Turtle Times

_____________________________________________________________________

Vol. 14, No. 16, Sept. 1, ‘09     7260 NW 58th St., Johnston 50131  278-4522 (577-9208)

---------------------------------------------------------------------------------------------------------

Rain: 8/26-27, 1.2”

In the Box . . .

 

Leek ‘Blue Solaise’

Raspberries ‘Autumn Bliss’

Summer squash ‘Raven’, ‘Costata romanesco’, ‘Sunburst’, ‘Dark star’, ‘Zephyr’

Cucumbers ‘Marketmore’

Tomatoes ‘Dona’, ‘Brandyboy’, ‘Paul Robeson’, ‘Golden boy’, ‘Amish paste’, ‘Better boy’, ‘Jet Star’, ‘Black Krim’, ‘Pineapple’, ‘Green Zebra’, ‘Evergreen’, ‘Arkansas Traveler’, Nebraska Wedding’, ‘Gilberty’, ‘Myona’, ‘Italian gold’, ‘Celebrity’

Peppers  ‘Ace’,‘Romanian’, ‘Islander’, ‘Sweet Banana’, ‘Orion’ (green), jalapeno, ‘Tiberon’ ancho, ‘Saigon’, ‘Sunray’, ‘Franks’, ‘Sweet Tolli’s’, ‘Lipstick’, ‘Sweet Chocolate, ‘Yummy’, ‘Mini chocolate’

Basil

Ala carte options: mint, chocolate mint, rosemary, lavender, parsley, tarragon, thyme ($1 ea.), raspberries ($5/pt) when available

Free to those requesting it: sage, basil bouquet

Email (angela@turtle-farm.com) if you want any of these free or ala carte items

 

Farm Update

 

This past week was one of shortages and excesses.  Too much rain stretched over two days, too much time spent in the tomato and raspberry patches so that we didn’t get basil buckets done for you.  The beet harvest was a little short.  Some of you got “gourmet” small beets and the rest got several larger beets.  And last week’s picture primer of the peppers was great for the online newsletters, but pretty much worthless in black and white for the hard copy.  Hopefully those who get hard copies can go online to the website to see how beautiful the peppers really were.  The raspberries are at their peak, and we have had some extra pints.  If you want extra ($5/pt), let me know and we’ll try to distribute them, with priority given to those with money in ala carte.

 

Last year I mentioned the Iowa Food Cooperative that Practical Farmers of Iowa has started.  It is a local food online shopping opportunity for those who want to join.  Orders are online at www.iowafood.org, and deliveries come once a month to Merle Hay Mall for pickup.  It is another way to extend your local food shopping experience through the whole year.  September’s shopping opens on the first of the month.

 

 

Recipes

 

Here’s the much requested brownie recipe that the Brown/Busick family brought to the potluck.
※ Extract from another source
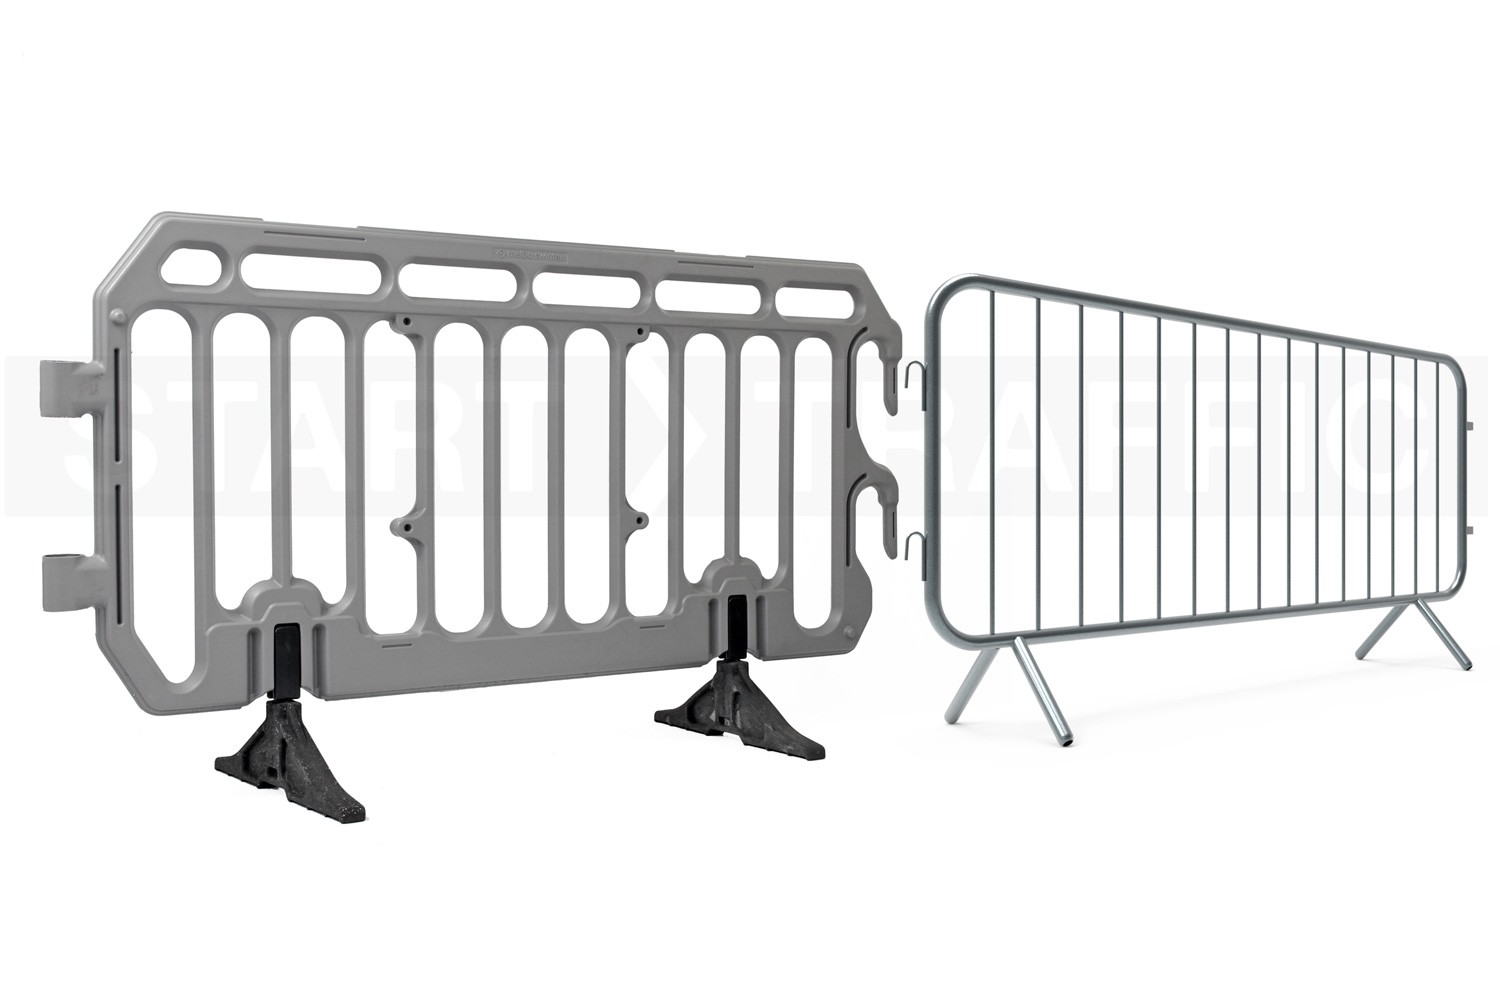 Montage of Crowd barrier types

Also below is the lamb dish that I brought. (The rest of you need to send in your potluck recipes.)  And Karine McLaughlin sends a unique recipe for Swiss chard or kale. 

 

Zucchini Brownies (Betsy Brown)

 2 cups shredded zucchini

1 1/2 cups sugar

1/2 cup veg oil

2 cups flour

1 tsp salt

1 1/2 tsp soda

1/3 cup cocoa

2 tsp vanilla

1/2 cup chopped pecans

 

Mix together by hand.  Bake in greased 9 X 13 pan at 350 degrees for 30-35 minutes.  Frost when cool.  (Frosting:  1 stick butter, 4 tsp cocoa,  5 tsp milk,  1 tsp vanilla,  2 cups powdered sugar (or a little more).  These are good at room temperature, but I like them even better refrigerated.  Enjoy!

 

Lamb with Vegetables and Feta (adapted from Joyce Lock’s recipe on the website)

1 lb ground lamb

1 T. chopped rosemary

2 T. chopped parsley

2 T. olive oil

1 medium onion, sliced

1-2 summer squash, sliced, approximately 3 c.

1-2 peppers, 1 inch dice

1-2 tomatoes, cut up if desired

4 oz. feta cheese

 

Brown the ground lamb in a large skillet (adding some oil if very lean).  Once the pink is gone, add the rosemary and parsley, stirring well for another 2 minutes.  Season with salt and pepper and set off the heat.  In another skillet, heat oil briefly, add onion, summer squash, and peppers.  Sauté until starting to brown, but before vegetables are too soft.  Add tomatoes if using, heat through.  Season to taste with salt and pepper. Pour vegetables over the ground lamb, stirring gently, and adding feta on top to melt over the vegetables.

 

Crispy Swiss Chard


Wash and dry leaves of Swiss Chard
Tear into 2" pieces and place single layer on parchment paper
on large cookie sheets
Spray Olive Oil on top
Sprin
kle Sea Salt on top

Bake @ 350 degrees for 10 minutes.  This is similar to flash-fried spinach I've had at Chinese restaurants and works well with either Swiss Chard or Kale (but not the ribs).